I had taken English style horseback riding when I was in grade school that included some jumping, and had also ridden Western style through the Colorado Rockies at Estes Park a few times when I was nine through eleven years old. When I got on the horse, everything came back except one thing. I had always harbored some fear of horses when I was that age, being so small on top of such a big animal, but that didn't surface this time. I felt in unison with my horse, and her sudden movements beneath me didn't frighten me, but instead seemed natural. I felt in control and at ease, thinking, "If I fall, well, then I fall. If the horse becomes frightened, well, then the horse bucks and I hang on. It's all cool." I think my horse could sense that from me, and the two of us worked together seamlessly.

My horse was a spackled grey Arabian, just like the one that Legolas and Gimli ride in the movie The Two Towers, and as Ed told me from his encyclopedic mind, the kind that Napoleon preferred. Her name is Tania, pronounced Tah-ny-ah. She was such a beautiful horse, and I spoke to her and pet her before I got onto her. My mom's horse was a beautiful brown horse named JD, short for Jack Daniels.

Though we were on a battlefield, the ride was incredibly peaceful. The sounds of the horses' steps changed with the terrain, whether we were on gravel, dirt, grass, or a wood bridge. I felt Tania expand underneath me when she took a deep breath, and the twitches of her muscles when she warded off flies. I saw butterflies land on blades of grass and swarms of grasshoppers hop out of our way as we passed, causing a ripple effect in the tall grass. I heard the creaking of my leather saddle and the songbirds' varied tunes, the wind whispering through the grass and the rustle of the leaves in the trees.

I wondered sometimes if the ghosts of those who fought and died there were among us, looking at us with curiosity and listening to Ed as he pointed out from where regiments had attacked or the more intimate stories of lookout soldiers from opposing sides forming friendships on the fields they surveyed. Maybe they silently walked beside our horses, enjoying the same tranquility that we were and proud that we remembered their sacrifice. Perhaps they reached out and tried to touch us, feeling only air as we passed through them. And some of Tania's twitches were not the result of flies, but of ghostly fingers brushing against her skin.

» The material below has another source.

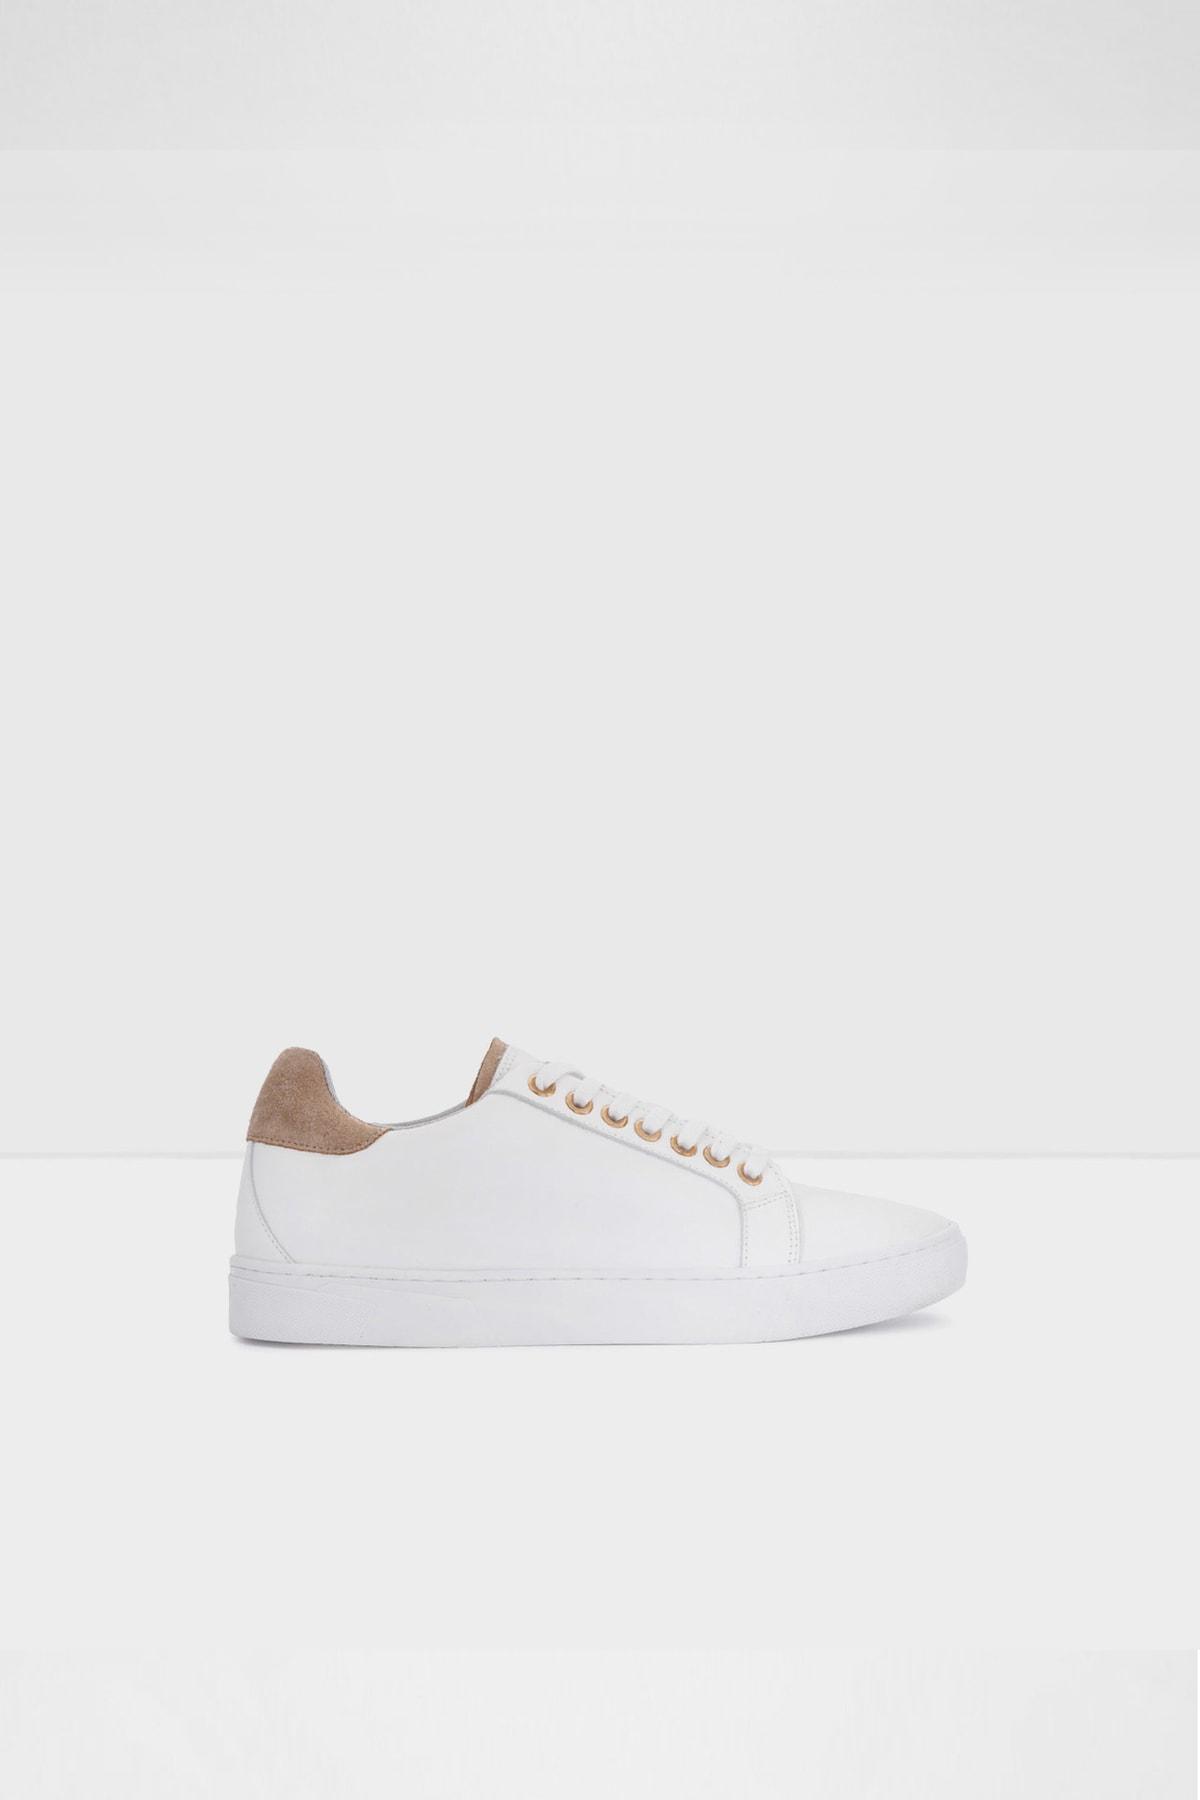 Aldo Marbella-tr - Beyaz Kadın Sneaker 1

As I looked across the landscape, right in the middle of where our country fought itself to gain freedom and opportunity for all, I resisted the urge to gallop across the fields, hanging on for dear life, wind through my hair and stinging my eyes, filling my lungs and caressing my forehead. The beating of hooves as fast as the beating of my heart, feeling the land underneath me instead of being separated from it by pavement and tires. Going off-road, in the way it was originally intended. Experiencing freedom in one of the very places that helped birth it and shredding boundaries. Being so alive that fear and doubt seem impossible, almost laughable. And having possibility within my grasp, riding alongside me and sharing my triumph, both of us gut laughing at the sheer wonder of life as we part through the vast fields of opportunity that seem to stretch forever.

Ironic that it took someone who is legally blind to enable me to see that so much more clearly. To see that even though you may have limitations, you can find a way around them. But you are the one that has to find the way and carve out that path that is custom made just for you. And then, it's just a matter of remembering your foot placement.